An example might be adding and subtracting fractions with unlike denominators.  Students need to understand the importance of writing fractions with a common denominator before adding or subtracting.  It is common for students to think that they would then just add the “tops” and add the “bottoms” in order to arrive at their answer.  A clear learning target for students (such as “I can add fractions with unlike denominators”) is critical for the formative assessment process.  Once you and your students have a clear understanding of the goal and the common missteps along the way, you can begin to plan the learning experiences and formative assessment checkpoints that will lead to this goal.


As the learning process proceeds, it quickly becomes time to gather evidence of student learning.  This evidence can be formal or informal, verbal or written, or linguistic or non-linguistic, but it must be planned for, gathered, and used.  In mathematics, there are generally two forms of knowledge that you may be formatively assessing: procedural and conceptual.  As you introduce the concept of a common denominator, it is important to gauge student understanding before you proceed.  Some ideas for formatively assessing conceptual mathematical knowledge may include:

  • Hand signals, such as thumbs up/thumbs down, 1-2-3-4-5, etc…
  • Timed writing in response to a question or prompt, perhaps including a sentence stem such as “I can’t add ½ and ¼ without finding a common denominator because ________.”
  • Colored response items, such as red/yellow/green triangular prisms, blocks, cups, or plates
  • Timed pair share, giving students a chance to explain the concept to a partner, and also listen to their partner’s explanation

Once students have some conceptual understanding, you will then spend time helping students understand the process of getting a common denominator and using these new fractions to add and subtract quantities.  This will create new opportunities for formative assessment.  For procedural knowledge, some methods to gather evidence of student learning may include:

  • “What’s Wrong?” analysis of incorrect work to help students begin to identify common errors and misconceptions
  • Response Cards, where students hold up their answer to either a multiple choice or free response question simultaneously, using colored paper, white boards, or perhaps an electronic response system
  • Take and Pass, where one student begins the work and then passes the work to another student who does the next step, who then passes to another student, etc.  Could be done as a relay race as students become more proficient
  • Scavenger Hunt (also called Around the Room or I have/Who has), a circular set of problems, where one answer leads to another question and the student ends where they began
  • Side-by-Side Problems, in which two students work two columns of different problems that have the same result (For example, the answer to #1 on both columns might be 5, but the two problems are different.)
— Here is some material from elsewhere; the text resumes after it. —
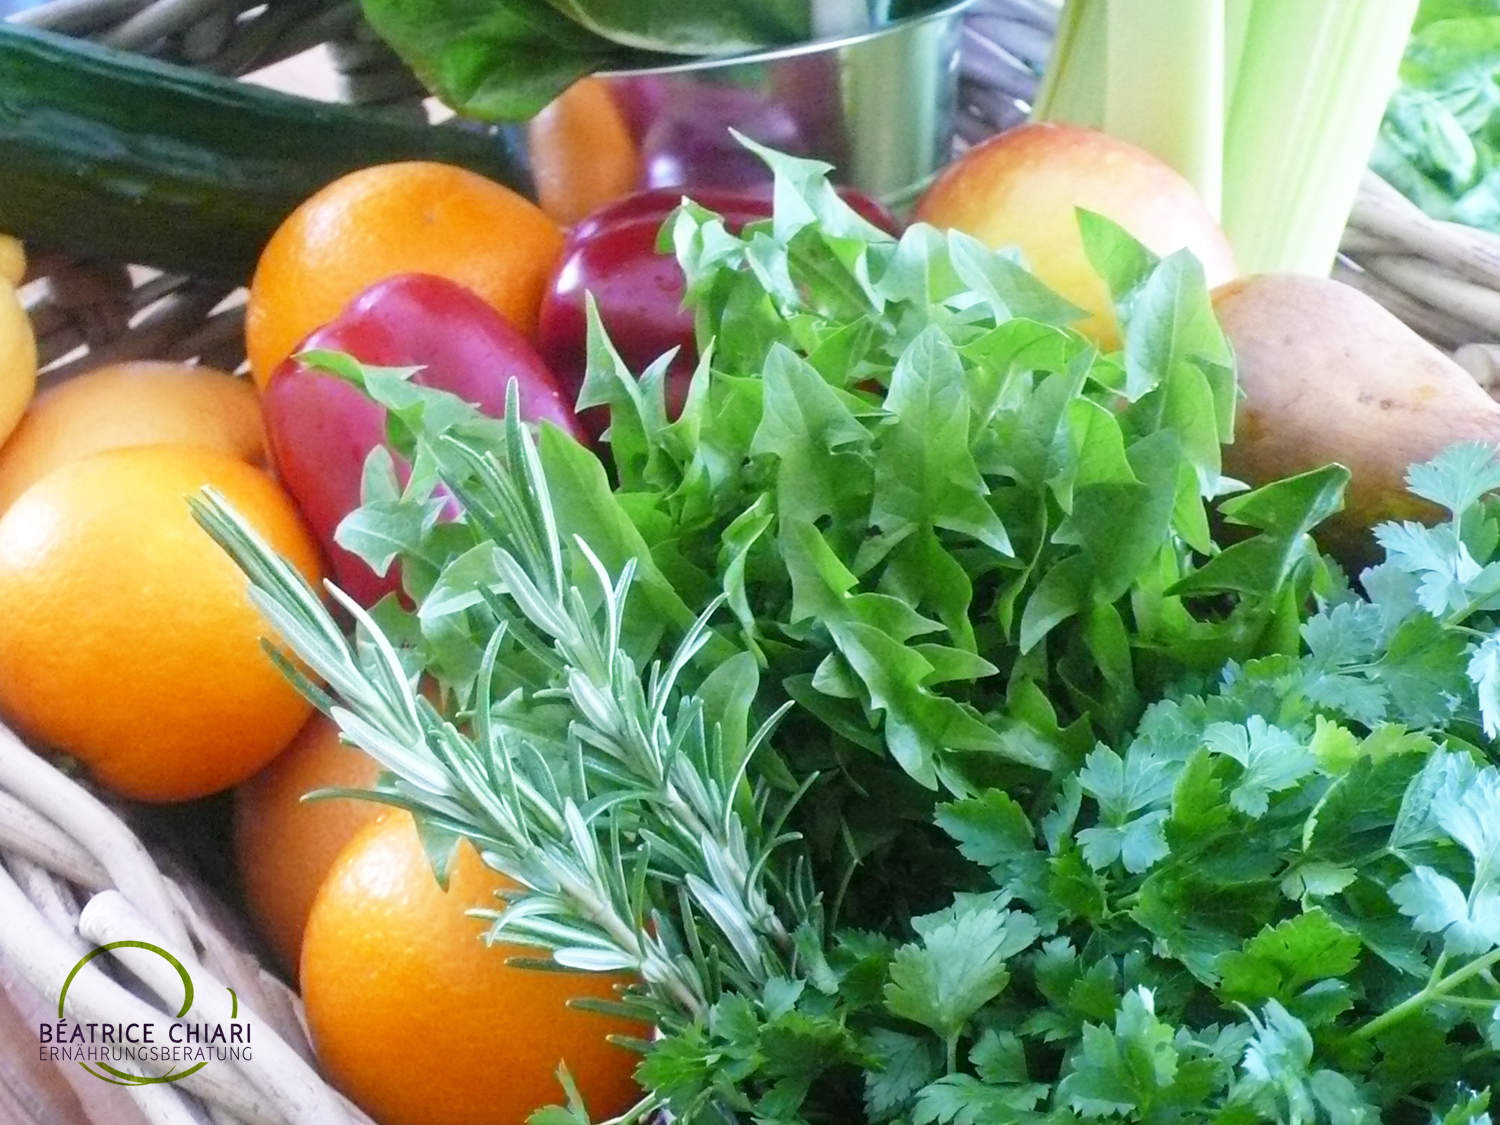 Grüne Smoohties, Green smoothies, gesunde Rohkost, Blattgemüse, Chlorophyll, natürliche Nahrungsergänzung, Salate und Kräuter, Workshop, Wildkräuter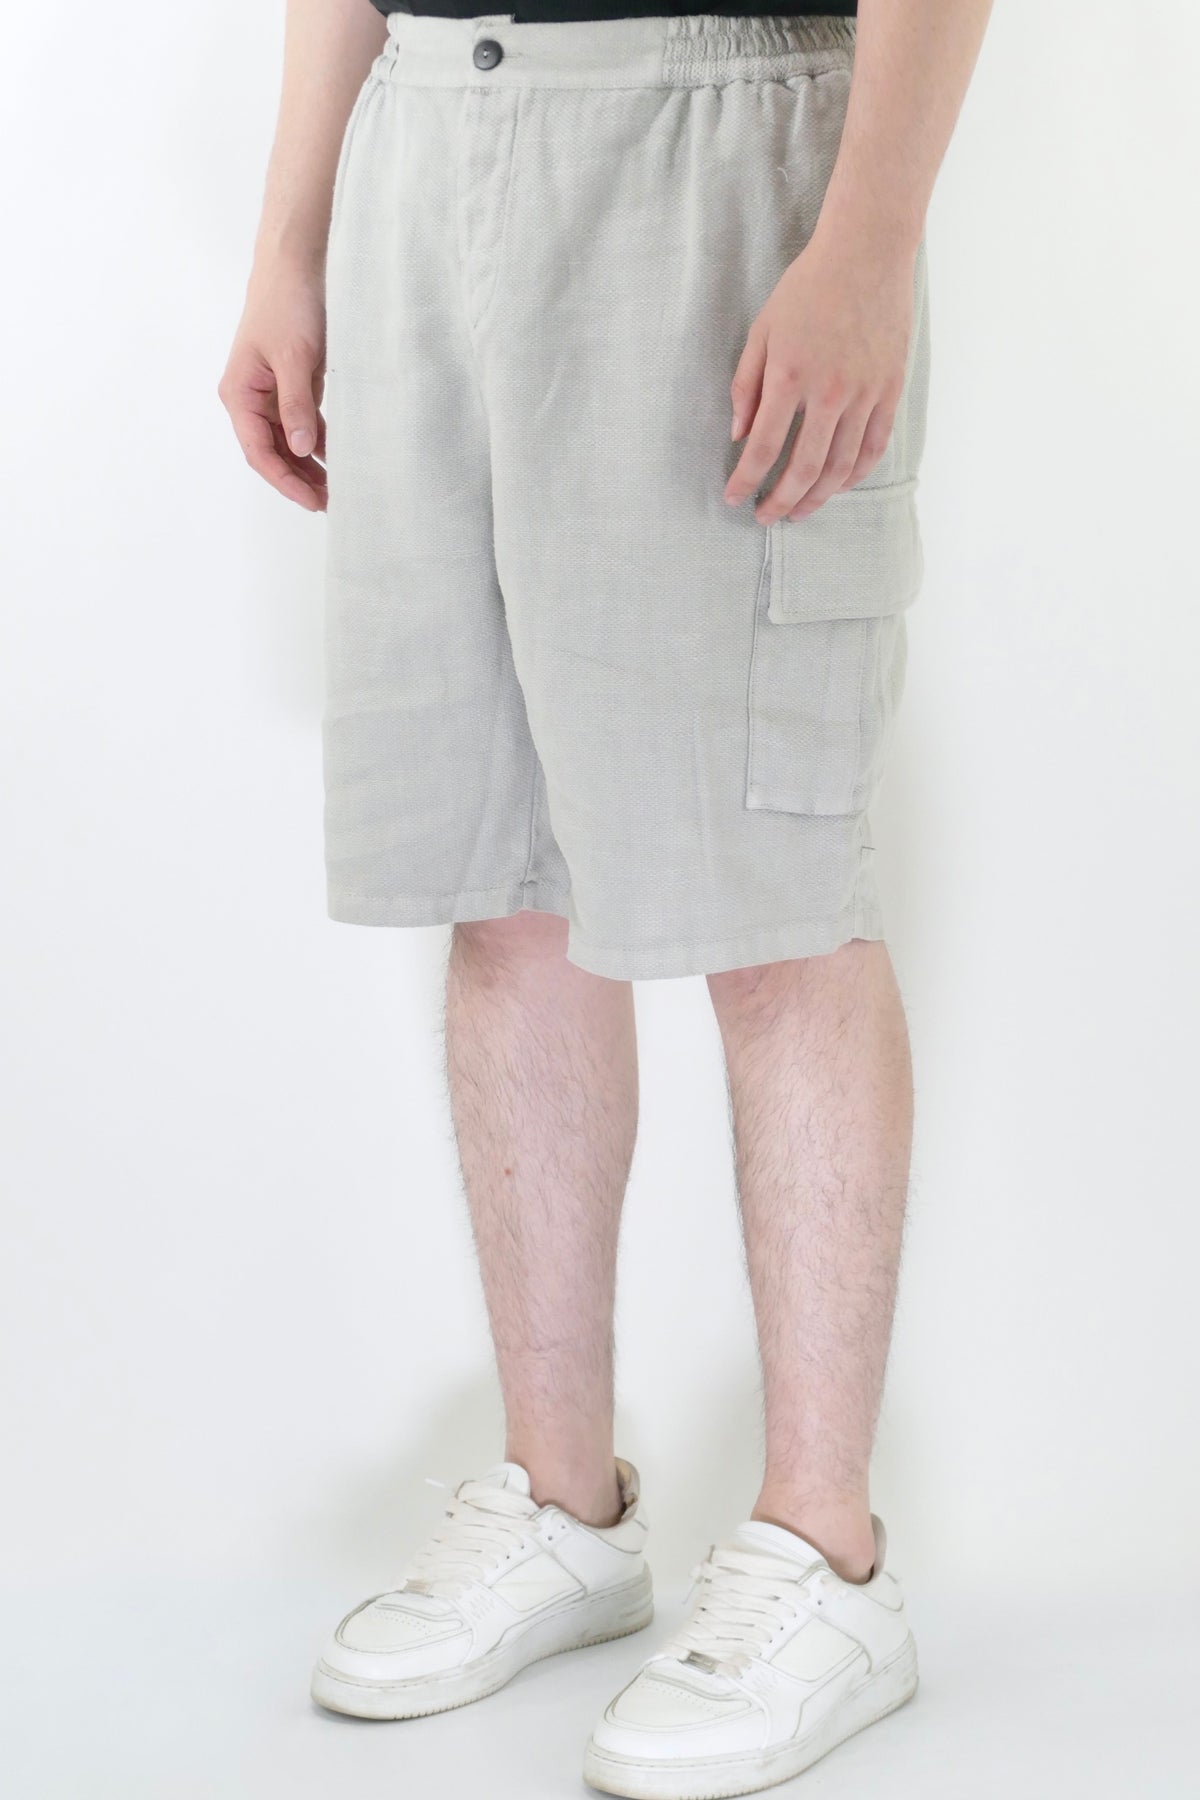 Athoa Bermuda Cargo Shorts - Grey

Notice that both the conceptual and procedural formative assessments provide quick, timely feedback to both you and the student about their level of understanding.


Once an evidence-gathering method has been selected and carried out, you are ready for the most important step – using this information to adjust instruction to improve student achievement.  If you discover some of your students are still struggling with the concept or procedure, some options for adjustment include:

  • Small Group Instruction, so that re-teaching or enrichment can take place as needed
  • Tiered Assignments, with scaffolding added to some tasks and complexity added to others
  • Discussion of misconceptions, either with a small group or the whole class
  • Clear, targeted feedback to students making common and consistent errors

Once an adjustment is made, the cycle continues.  Another round of evidence-gathering gives another chance to assess and adjust, as you and your students work toward developing student mastery and success!